In Frankfort, Harrod Brothers owns a pet crematorium in a location separate from that of the human crematorium.

Former Franklin County Judge Executive Bob Arnold said that he called on Harrod Brothers twice in the last several months to help with the burials of his wife's basset hound, Willie, as well as Arnold's guide dog, a black lab named Onyx.

"We wanted them buried in the back yard. They sent someone right over. They were very helpful," said Arnold.

In Florence at Faithful Friends Pet Memory Center, Clary said she doesn't have a formal viewing area, but she helps clients hold private services and will go to a home or a veterinary office to pick up a pet after its death. Clary also offers pet coffins, urns and memorial items such as a certificate of passing, markers and paw prints. A basic cremation for a dog weighing under 25 pounds costs about $145, she said.

Full service fairly rare

Coleen Ellis, who opened her first full-service funeral home Pet Angel Memorial Service in the Indianapolis suburb of Carmel, Indiana in 2004 and now has three other franchises across the country, said full-service pet funeral homes are still fairly rare.

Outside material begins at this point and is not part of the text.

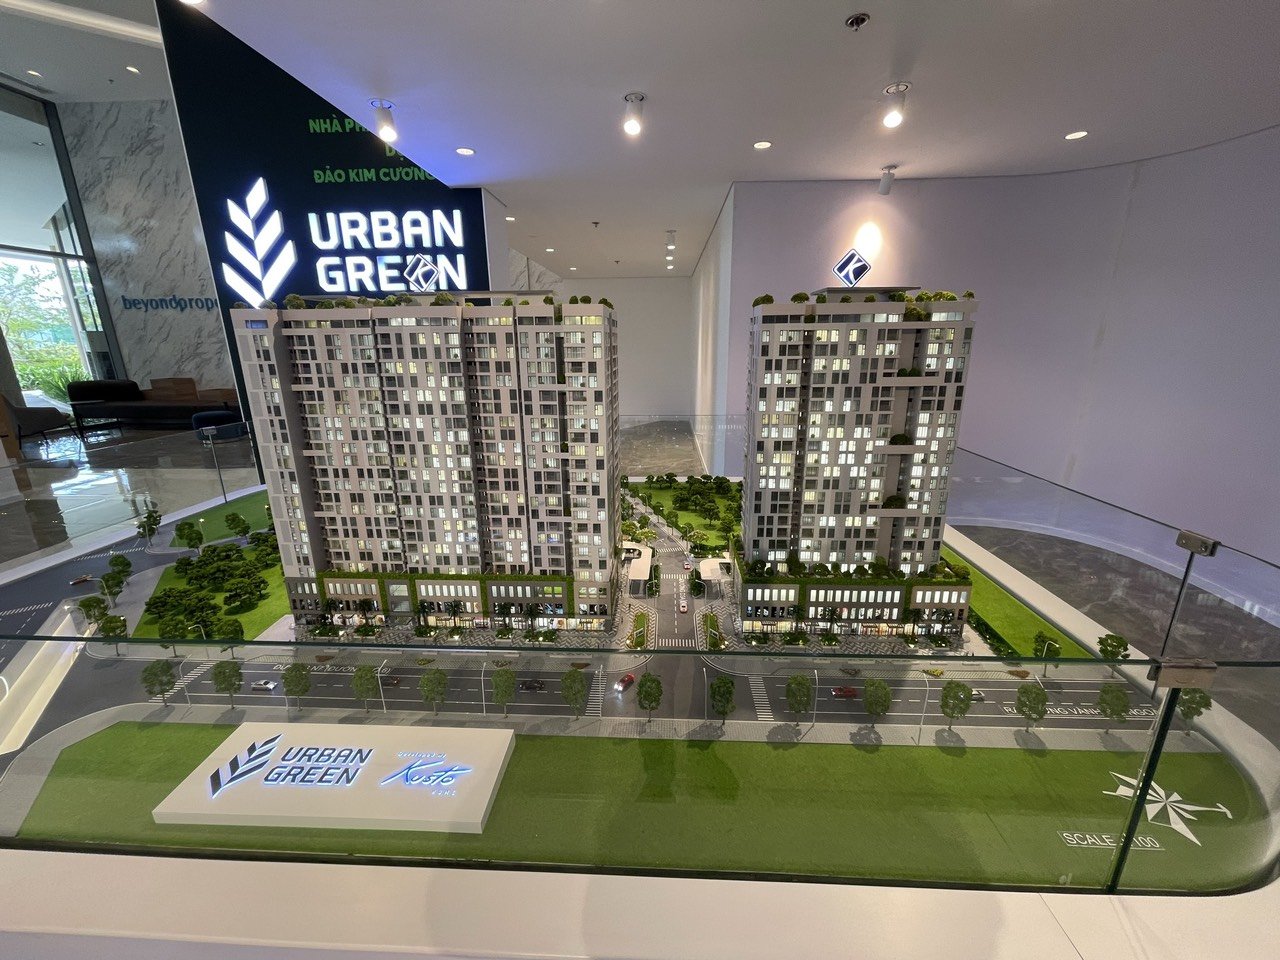 Bán căn hộ 1 PN Urban Green tầng cao giá tốt trong tháng 10 LH 0835379247 gặp Phúc 1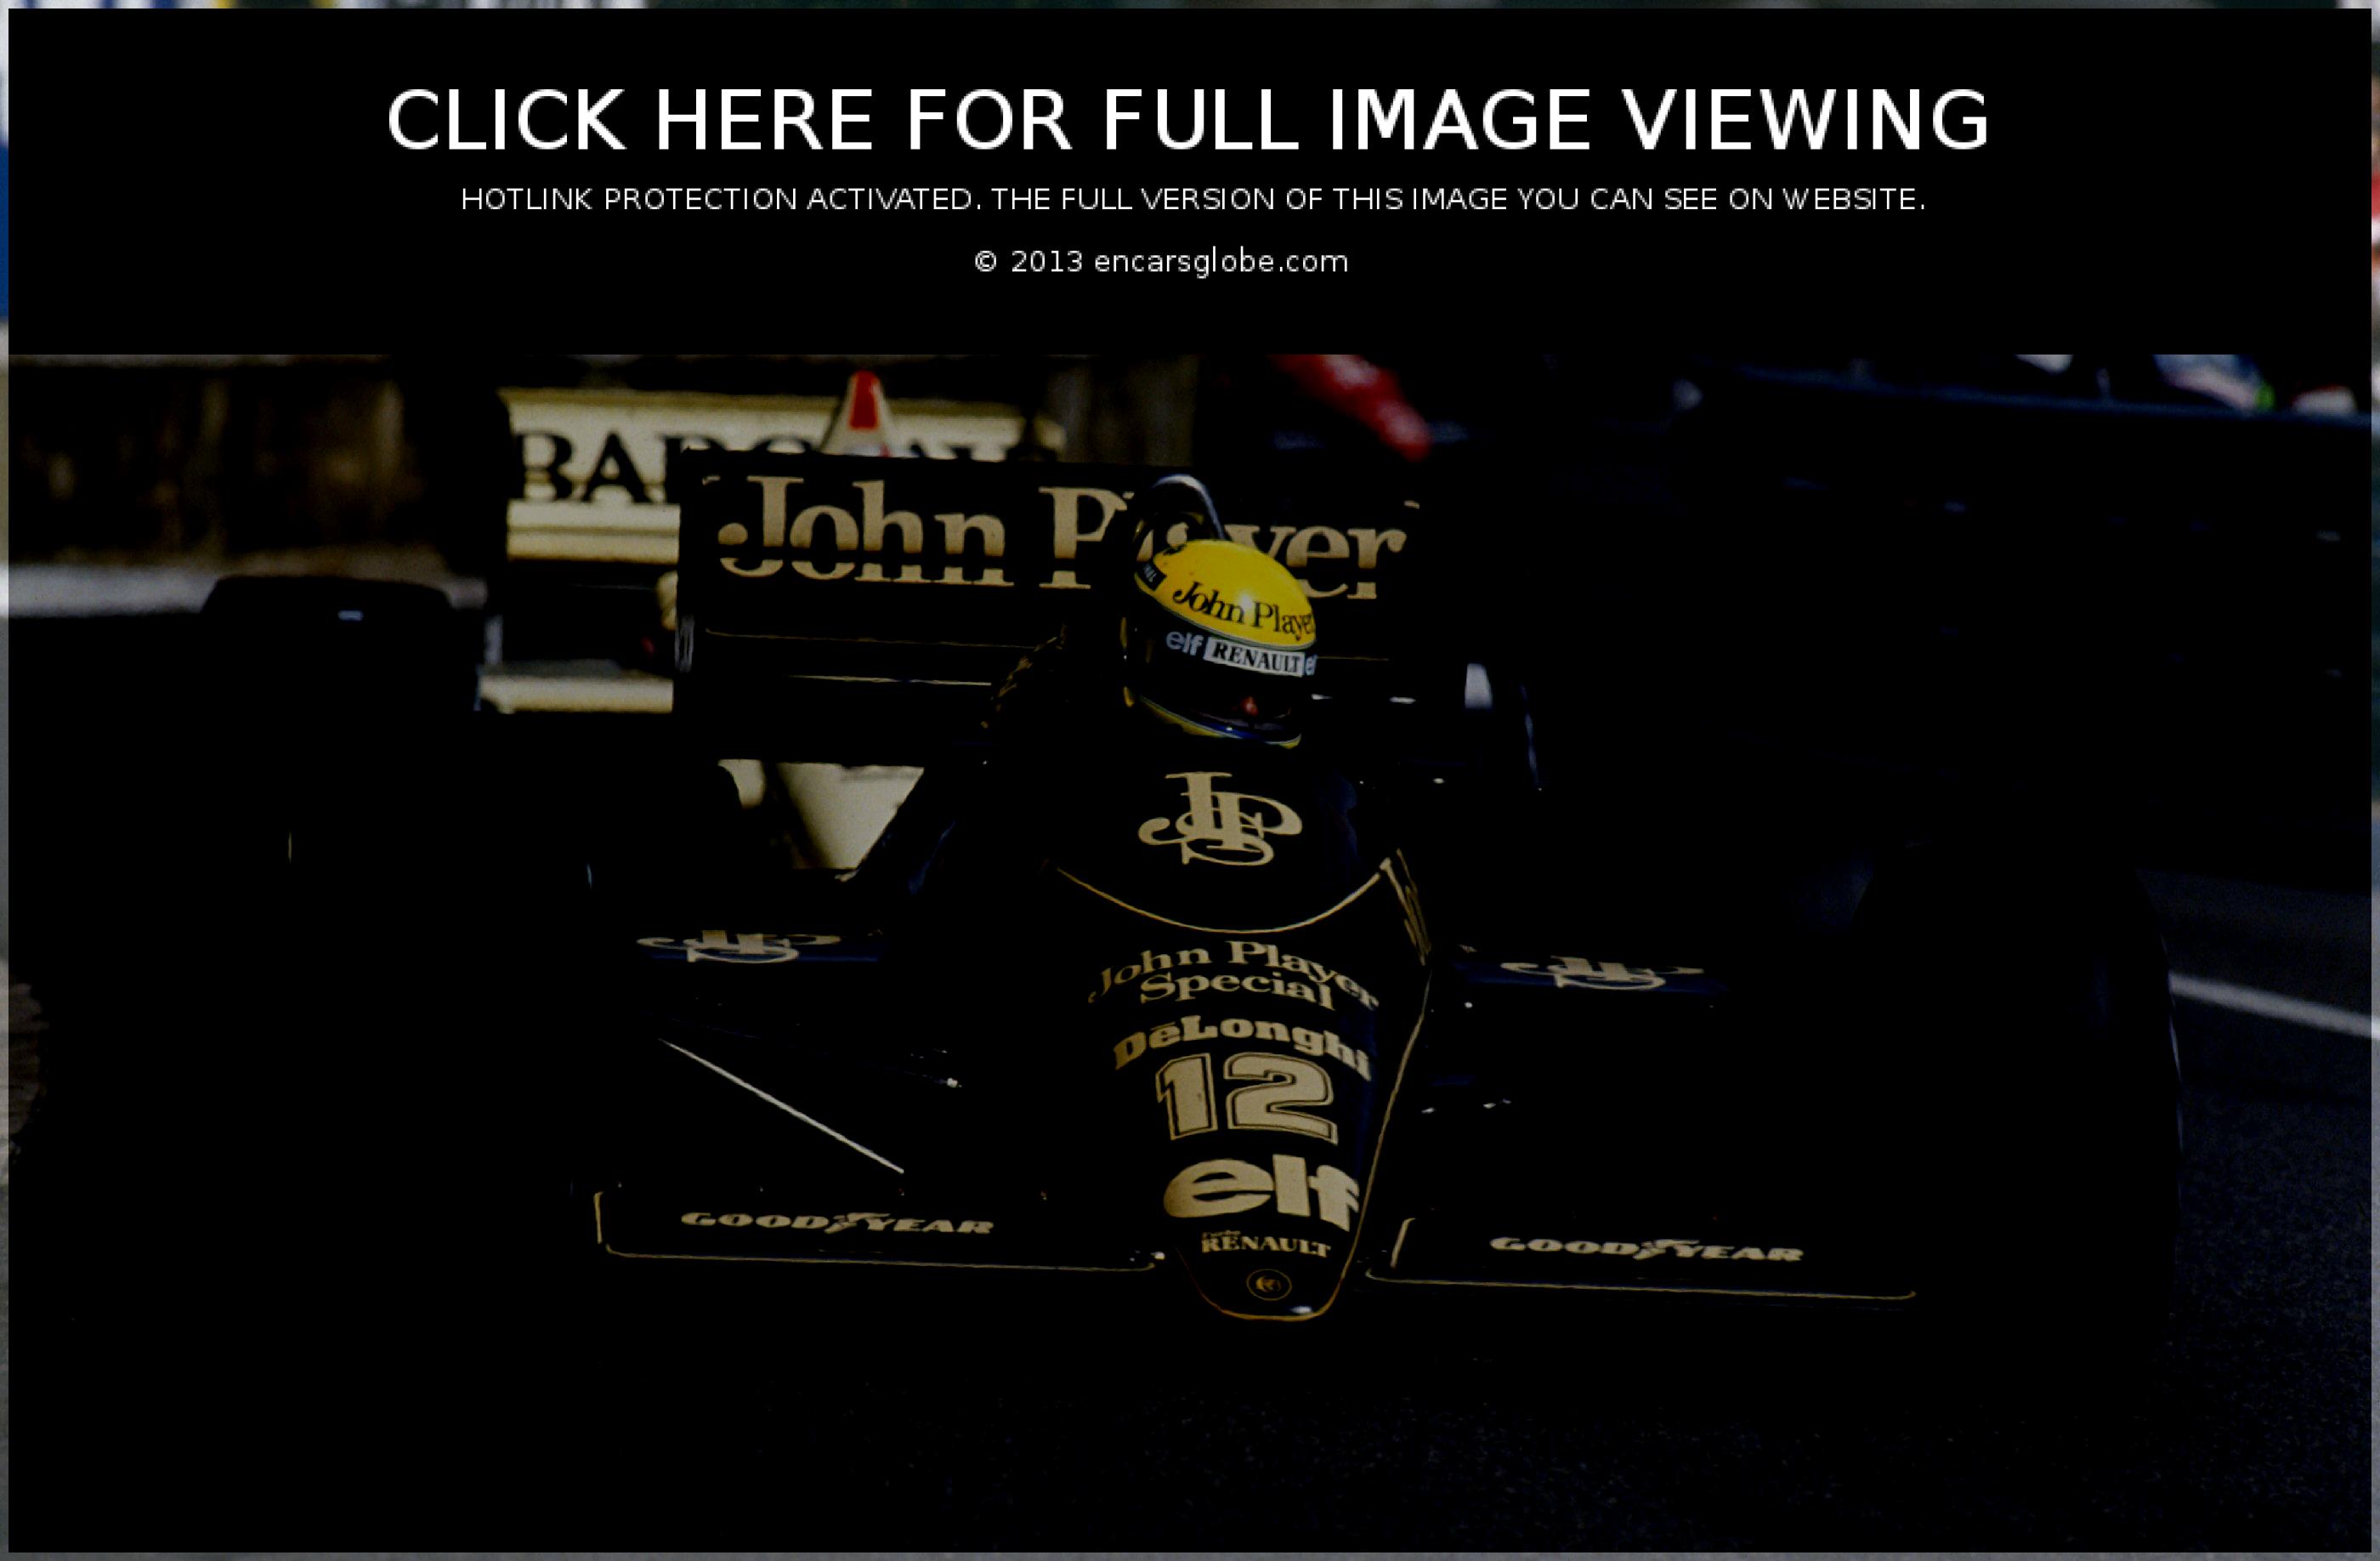 Lotus 98T Renault: Galerie de photos, informations complètes sur le modèle...

"We're serving 400 families a month," said Ellis. "There are doggie day cares and doggie spas. Why wouldn't it be that way in death? I see it coming out of a trend and just becoming a way of life."

Mary Carter says in just one month in operation in Central Kentucky, she and her family realize that they are doing more than running a business: "You have to have the ability to feel the emotion that people are feeling."

She says they are helping people through what High, the communication coordinator at the National Funeral Directors Association, describes as "a big life event just as the death of a human."